## What to do
Set down the full listing below word for word; pictures stay out of the copy.

## Data extract
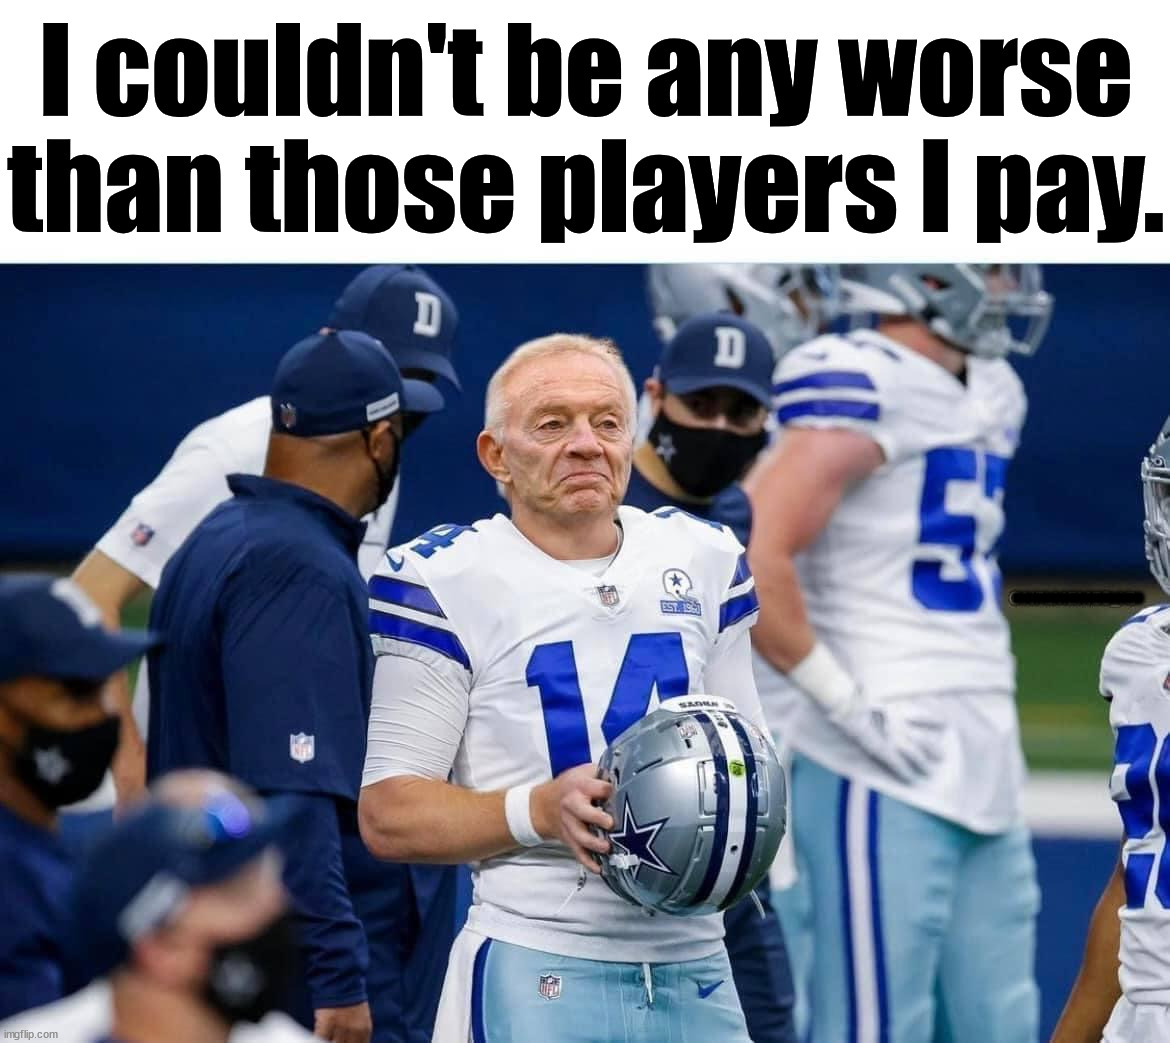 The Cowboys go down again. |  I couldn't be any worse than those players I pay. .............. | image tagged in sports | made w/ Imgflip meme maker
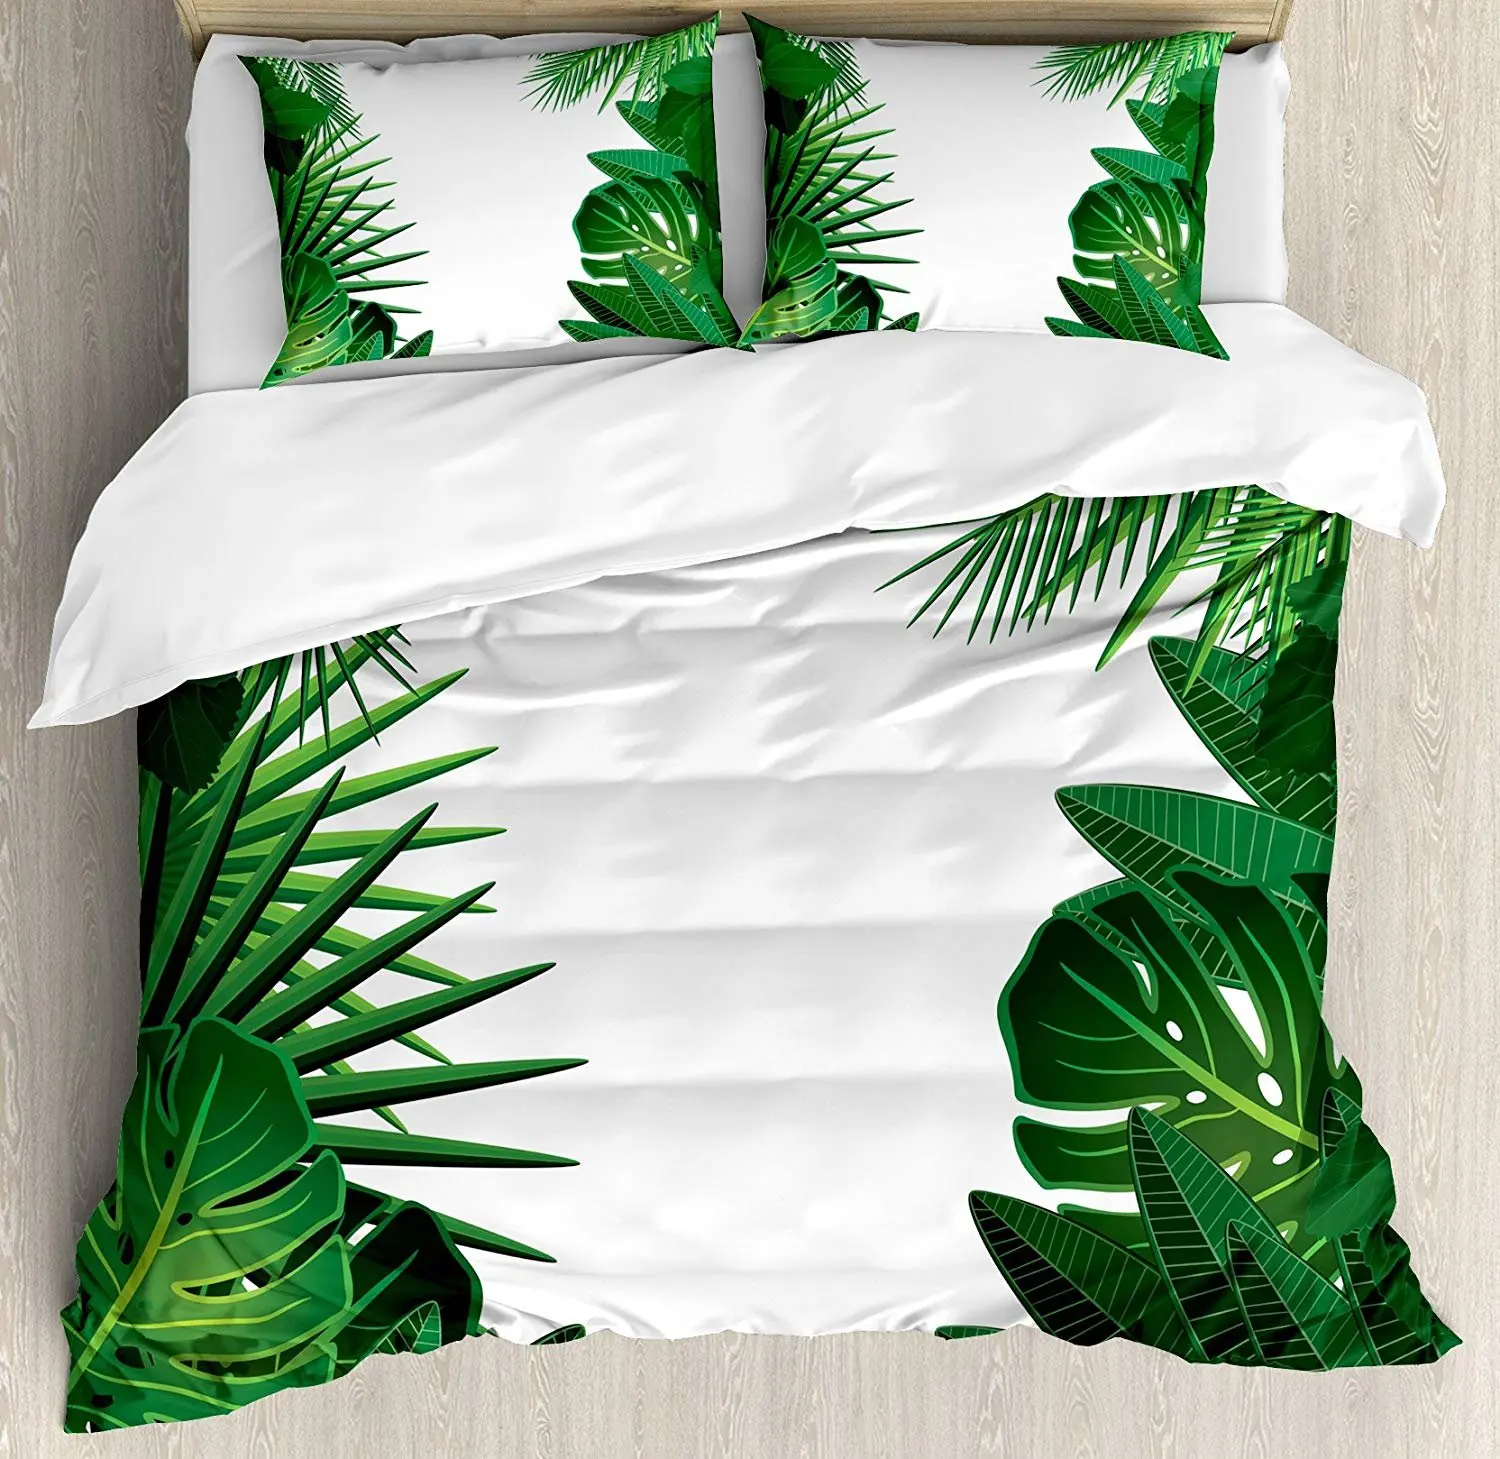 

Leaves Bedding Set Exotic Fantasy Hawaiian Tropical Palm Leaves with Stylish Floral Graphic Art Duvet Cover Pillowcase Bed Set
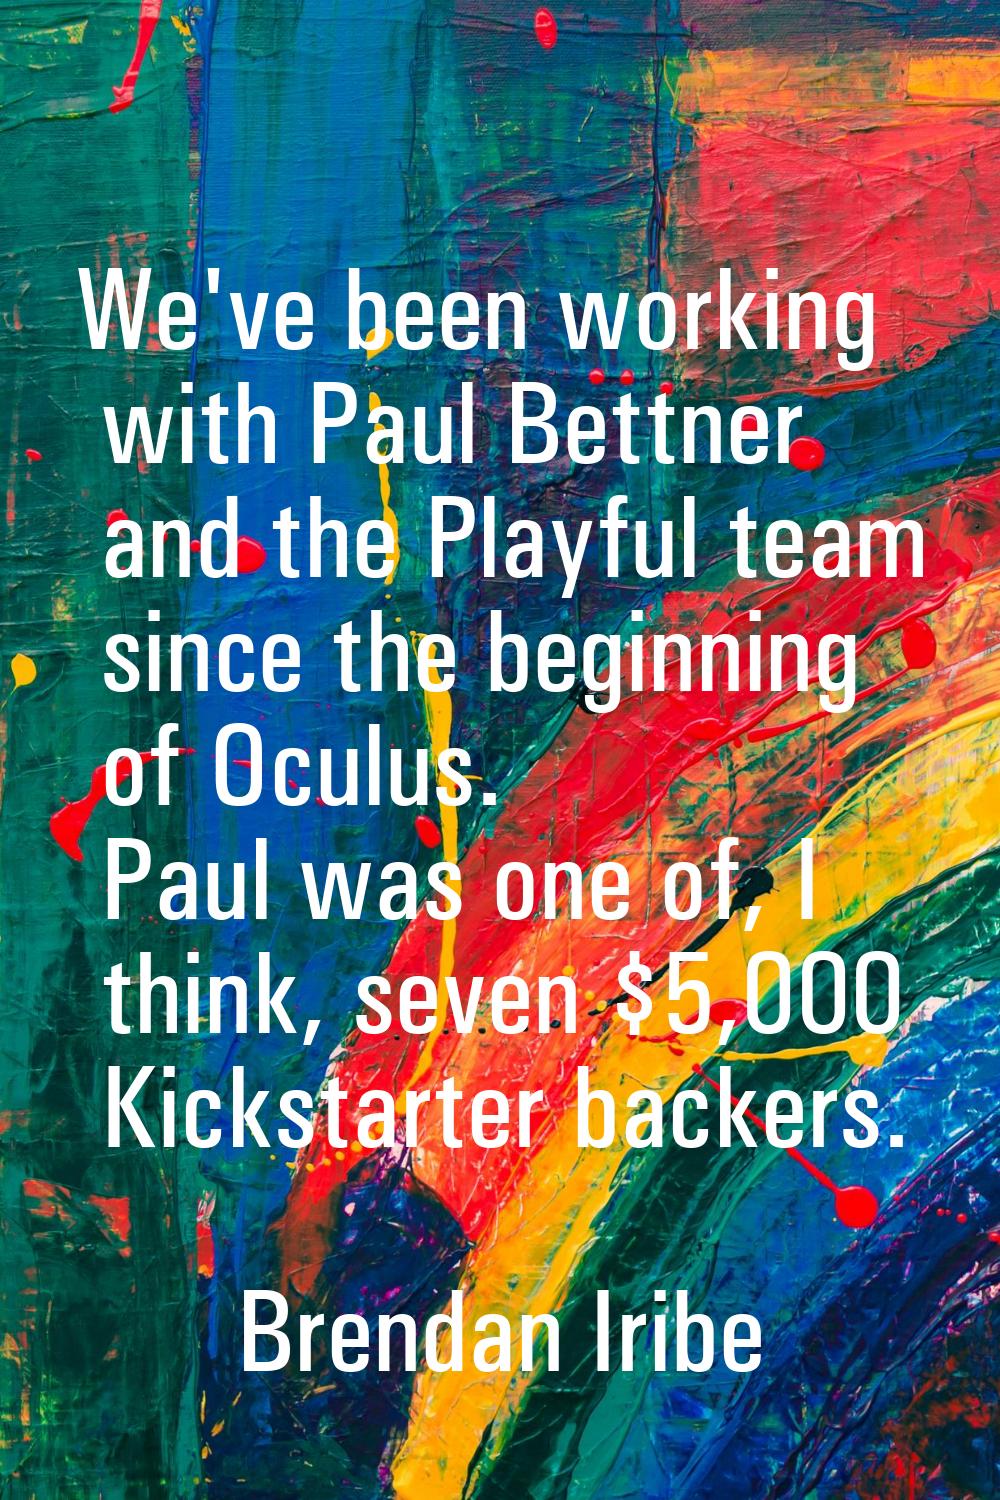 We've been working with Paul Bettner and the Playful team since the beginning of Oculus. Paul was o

## Task output
 The Cowboys go down again. |  I couldn't be any worse than those players I pay. .............. | image tagged in sports | made w/ Imgflip meme maker

Leaves Bedding Set Exotic Fantasy Hawaiian Tropical Palm Leaves with Stylish Floral Graphic Art Duvet Cover Pillowcase Bed Set
 We've been working with Paul Bettner and the Playful team since the beginning of Oculus. Paul was o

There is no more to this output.